Он говорил медленно, неуверенно. Как будто забывал слова.

— Чем его можно кормить? — спросил я у Игоря Эдуардовича.

Вопрос прозвучал глупо.

— Всем, — ответил Молле. — Но обычно больные едят мало. Приготовьтесь к этому.

У ног отца стояли две сумки с вещами.

— Батя, я сейчас сумки отнесу и вернусь за тобой, — сказал я.

Подхватил сумки и вышел из палаты.

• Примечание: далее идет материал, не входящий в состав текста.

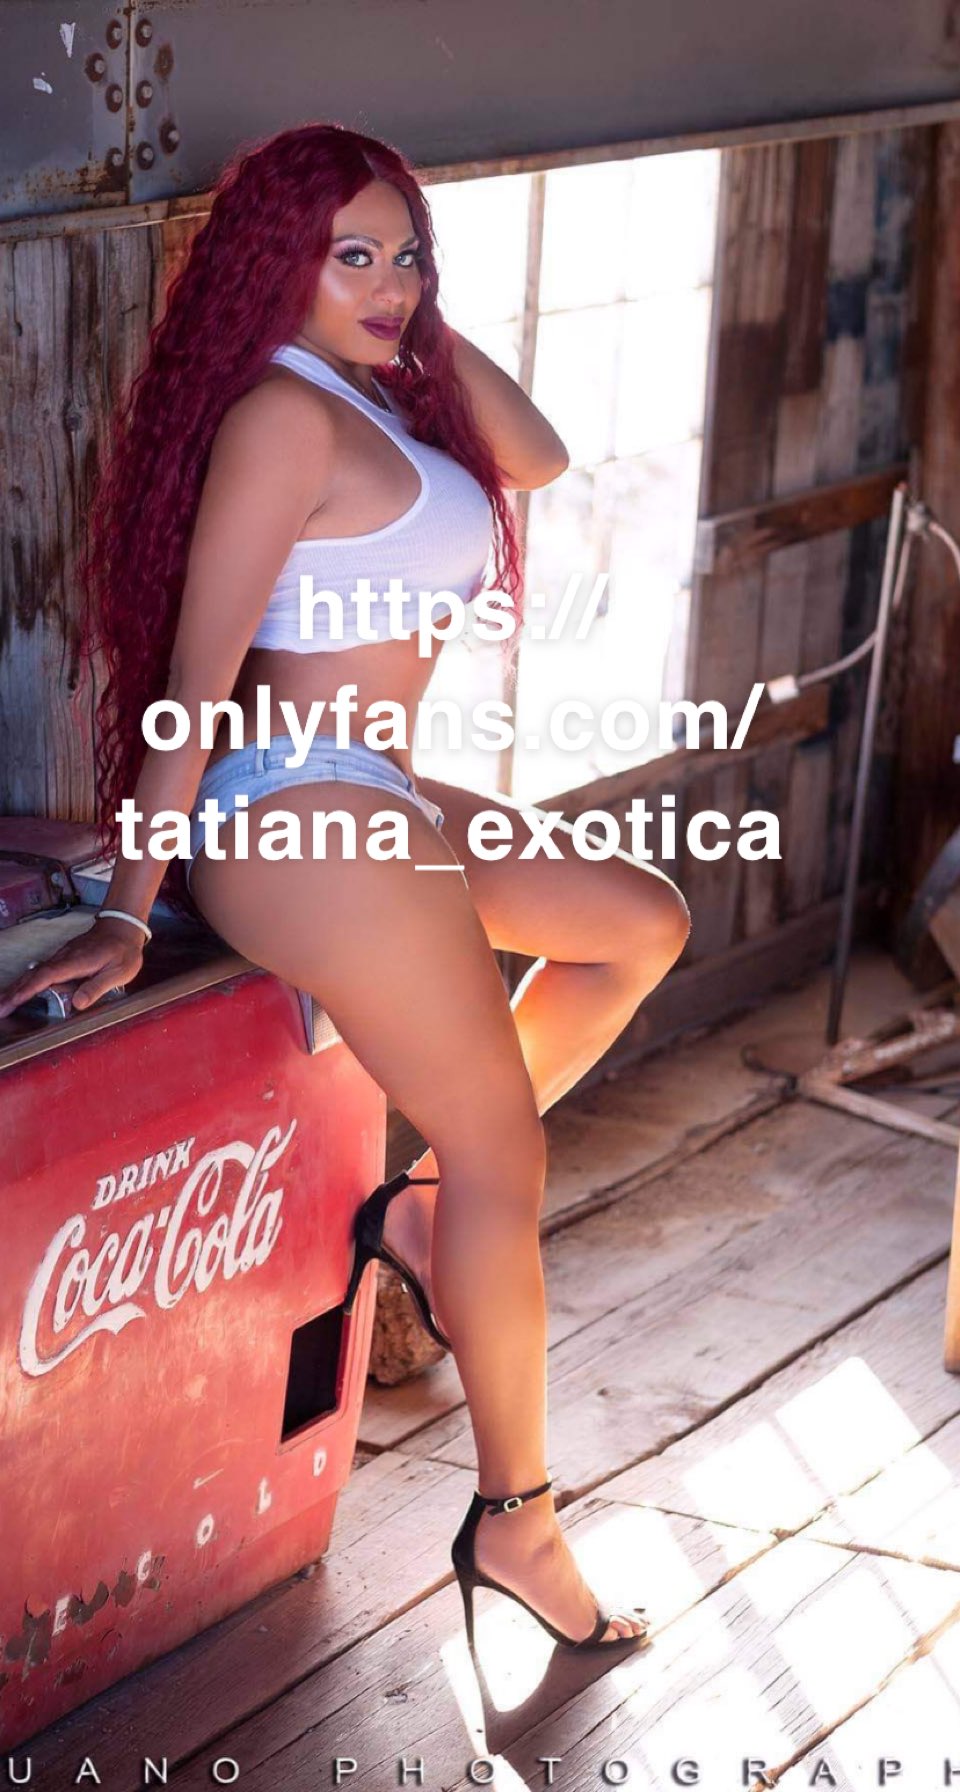 Tatiana exotica ts

Хоть немного привести в порядок мысли, успокоиться после увиденного. Чёрт! Мне ещё машину вести.

На улице возле машины стояла Катя. В длинном клетчатом пальто, в тёплом шерстяном берете. На плече у неё висела сумка.

— Катя? — удивился я. — Откуда ты?

Я не звонил ей и не говорил, что еду забирать отца из больницы.

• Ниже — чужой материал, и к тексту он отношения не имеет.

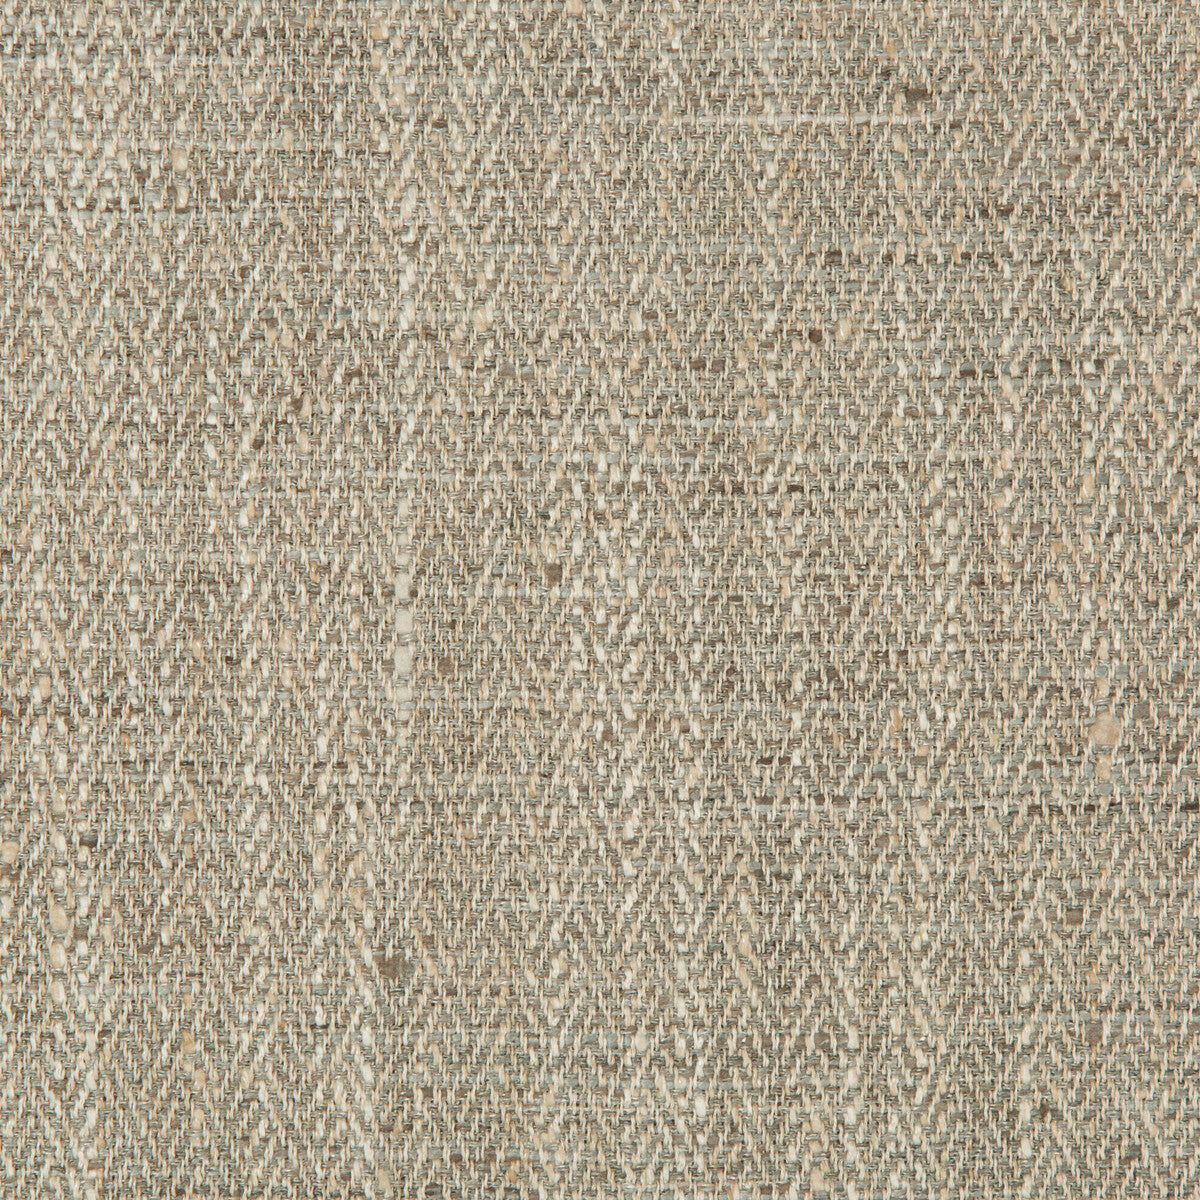 Kravet Basics fabric in 35241-11 color - pattern 35241.11.0 - by Kravet Basics
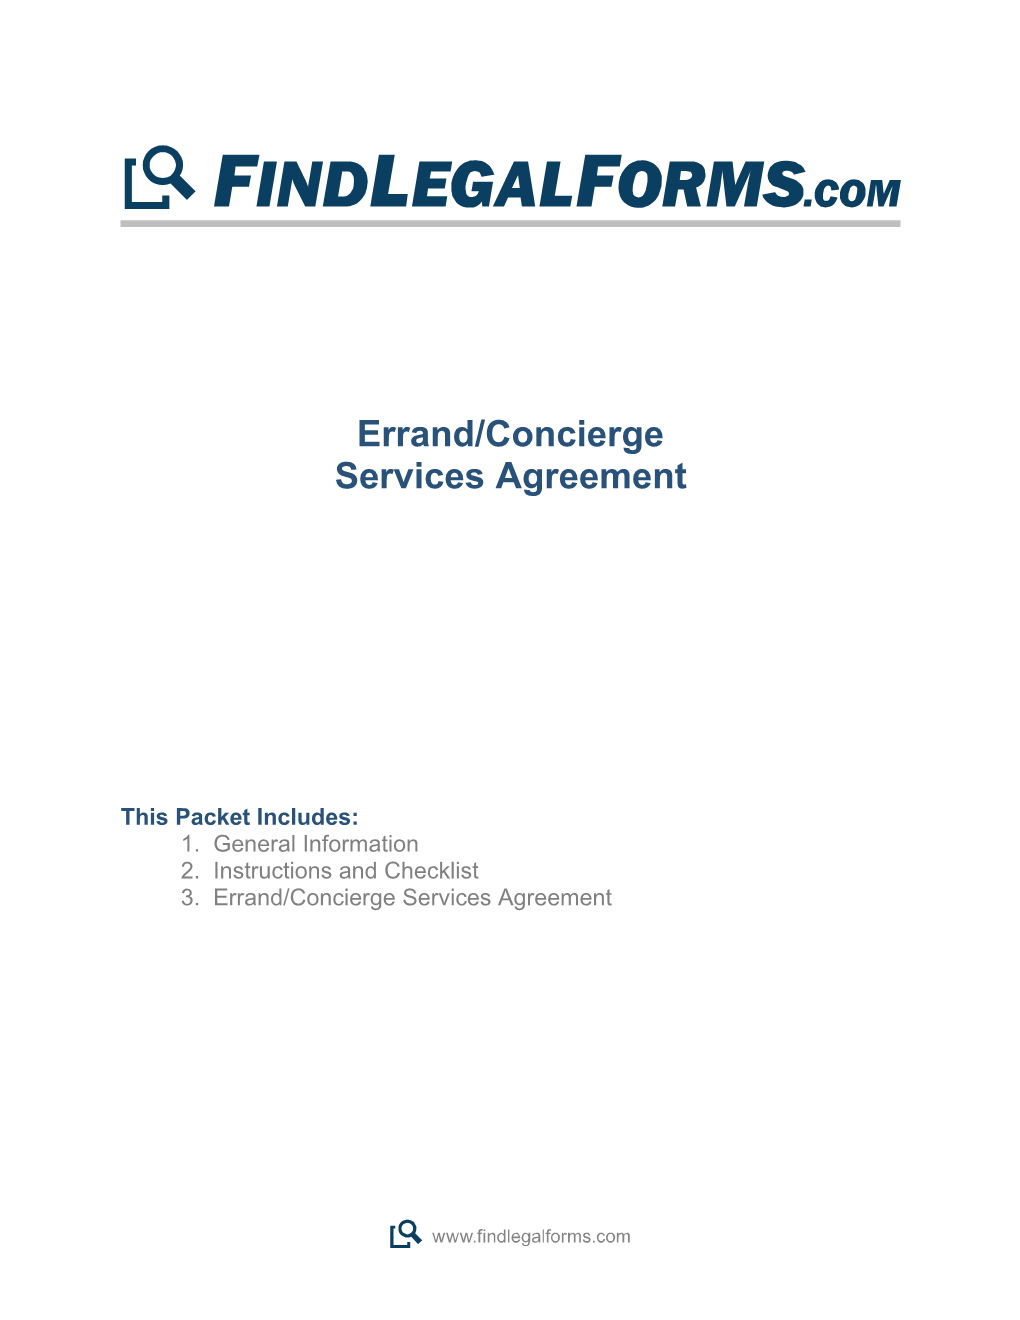 Errand Concierge Services Agreement

— Я позвонила к вам домой, — сказала Катя. — Твоя мама мне всё рассказала. Андрей, неужели ты думал, что я не приеду?

— Не хотел тебя напрягать, — виновато ответил я.

— Глупости, — строго сказала Катя. — Я еду с вами и пробуду столько, сколько понадобится. В институте я договорилась.

— Спасибо!

Я почувствовал, как на мои глаза наворачиваются слёзы стыда и облегчения. Я был так благодарен Кате и стыдился того, что недавно подумал — о жёсткости и деловитости медиков.

Мы вместе поднялись наверх, в палату.

— Идём, батя! — сказал я и помог отцу подняться на ноги.

С другой стороны его подхватил санитар. Мы медленно пошли к лестнице.

— Может быть, носилки? — спросил Молле.

— Не надо, — ответил отец. — Ногами пройдусь.

Мы уложили его в кузов. Я осторожно укрыл отца одеялом, подвинул его ноги в зимних ботинках и закрыл борт. Заправляя ремни тента, увидел, что руки у меня дрожат, и испугался — как я поведу машину?

Постоял минуту, глядя на чёрные стволы лип и глубоко вдыхая холодный зимний воздух. Чуть-чуть успокоился и сел за руль.

— Здесь недалеко аптека, — сказала Катя. — Надо сразу заехать за лекарством. В Волхове его может и не быть. Дай мне, пожалуйста, рецепт.

Я достал из кармана рецепт и деньги.

— Поехали налево, там аптека на углу. А потом я покажу тебе, как выехать на набережную.

Наверное, Катя почувствовала мою растерянность и взяла ситуацию в свои руки. Ей, как медику, это было привычно и понятно. Какое же счастье, что в моей жизни есть Катя, подумал я.

— Вот здесь останови, — попросила Катя и легко выпрыгнула из машины.

Я взглядом проследил, как она скрылась за дверью с надписью «Аптека».

— Как ты, батя? — спросил я отца.

Он ответил не сразу, некоторое время хрипло дышал. Потом я услышал:

— Хорошо. Весной пахнет. Спасибо, что забрал меня, не оставил там.

Он приподнялся, опираясь локтем на матрас.

— Я всё понимаю. Недолго мне осталось, Андрюха. Постараюсь не задерживаться.

— Батя, не говори так, — попросил я. — Всякое бывает. Я читал.

И начал глупо и беспомощно шарить в памяти, пытаясь отыскать — что я читал о чудесных исцелениях.

— Брось, — ответил отец и снова опустил голову на матрас. — Андрюха! Забери меня к себе! Не хочу в квартире лежать, мать с Ольгой пугать. Им и так несладко придётся. А ты уже взрослый, выдержишь.

Отец говорил так, словно давно выносил эту мысль. Наверное, так оно и было. Он давно понял, что врачи ему не помогут.

— Батя, ты же знаешь — мама всё равно тут же примчится.

— А ты её не пускай! Вон, Катя тебе поможет. Я её сам попрошу. А матери не позволяй оставаться. Навестит — и назад. Понял?